◆ **Task to complete**: Look for "with" in each line of the entries, and return the matching lines.

***** Dataset records *****

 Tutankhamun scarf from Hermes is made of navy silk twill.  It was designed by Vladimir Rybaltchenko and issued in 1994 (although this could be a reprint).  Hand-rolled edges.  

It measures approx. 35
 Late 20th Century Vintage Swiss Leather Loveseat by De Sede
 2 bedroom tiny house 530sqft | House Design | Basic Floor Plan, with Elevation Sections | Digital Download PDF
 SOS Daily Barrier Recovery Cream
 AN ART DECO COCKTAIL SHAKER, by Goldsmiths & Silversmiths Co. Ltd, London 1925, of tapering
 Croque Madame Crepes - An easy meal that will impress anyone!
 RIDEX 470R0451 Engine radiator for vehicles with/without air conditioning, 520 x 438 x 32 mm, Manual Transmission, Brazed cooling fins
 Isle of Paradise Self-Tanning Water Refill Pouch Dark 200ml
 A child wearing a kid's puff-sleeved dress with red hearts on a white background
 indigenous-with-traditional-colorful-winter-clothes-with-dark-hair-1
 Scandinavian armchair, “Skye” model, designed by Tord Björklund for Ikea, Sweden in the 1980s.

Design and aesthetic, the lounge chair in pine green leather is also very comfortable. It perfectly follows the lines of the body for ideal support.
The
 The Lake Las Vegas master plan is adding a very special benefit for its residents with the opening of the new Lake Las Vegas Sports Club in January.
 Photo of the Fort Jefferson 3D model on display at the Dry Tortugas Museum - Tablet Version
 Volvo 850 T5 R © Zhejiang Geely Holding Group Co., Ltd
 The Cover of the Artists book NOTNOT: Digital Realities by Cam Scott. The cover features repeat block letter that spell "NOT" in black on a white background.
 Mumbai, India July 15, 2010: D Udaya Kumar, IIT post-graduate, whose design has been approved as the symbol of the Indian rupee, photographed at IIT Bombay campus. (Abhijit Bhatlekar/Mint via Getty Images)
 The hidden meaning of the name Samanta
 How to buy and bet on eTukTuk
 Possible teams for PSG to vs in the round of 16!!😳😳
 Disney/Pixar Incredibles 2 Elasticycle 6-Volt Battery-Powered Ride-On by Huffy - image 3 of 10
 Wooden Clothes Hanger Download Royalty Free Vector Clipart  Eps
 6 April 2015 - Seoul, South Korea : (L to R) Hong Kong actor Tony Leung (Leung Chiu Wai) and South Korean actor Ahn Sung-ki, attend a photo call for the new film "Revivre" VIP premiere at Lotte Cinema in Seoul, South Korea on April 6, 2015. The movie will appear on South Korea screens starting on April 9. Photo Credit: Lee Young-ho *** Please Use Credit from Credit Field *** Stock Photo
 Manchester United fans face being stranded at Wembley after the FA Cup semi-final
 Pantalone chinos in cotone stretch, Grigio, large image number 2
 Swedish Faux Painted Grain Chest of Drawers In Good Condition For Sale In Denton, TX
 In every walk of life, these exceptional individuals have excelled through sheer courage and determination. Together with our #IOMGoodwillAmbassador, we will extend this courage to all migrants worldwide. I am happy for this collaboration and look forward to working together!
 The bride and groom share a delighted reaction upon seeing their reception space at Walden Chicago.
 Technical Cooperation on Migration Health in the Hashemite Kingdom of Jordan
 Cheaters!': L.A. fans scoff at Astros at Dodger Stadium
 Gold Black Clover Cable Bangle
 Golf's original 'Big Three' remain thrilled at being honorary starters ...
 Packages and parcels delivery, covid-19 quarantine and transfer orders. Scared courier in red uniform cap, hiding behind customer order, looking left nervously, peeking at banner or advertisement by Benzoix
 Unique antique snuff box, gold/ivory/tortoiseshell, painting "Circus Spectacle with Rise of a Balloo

*****

◆ **Solution to this task**:
 2 bedroom tiny house 530sqft | House Design | Basic Floor Plan, with Elevation Sections | Digital Download PDF
 RIDEX 470R0451 Engine radiator for vehicles with/without air conditioning, 520 x 438 x 32 mm, Manual Transmission, Brazed cooling fins
 A child wearing a kid's puff-sleeved dress with red hearts on a white background
 indigenous-with-traditional-colorful-winter-clothes-with-dark-hair-1
 The Lake Las Vegas master plan is adding a very special benefit for its residents with the opening of the new Lake Las Vegas Sports Club in January.
 In every walk of life, these exceptional individuals have excelled through sheer courage and determination. Together with our #IOMGoodwillAmbassador, we will extend this courage to all migrants worldwide. I am happy for this collaboration and look forward to working together!
 Unique antique snuff box, gold/ivory/tortoiseshell, painting "Circus Spectacle with Rise of a Balloo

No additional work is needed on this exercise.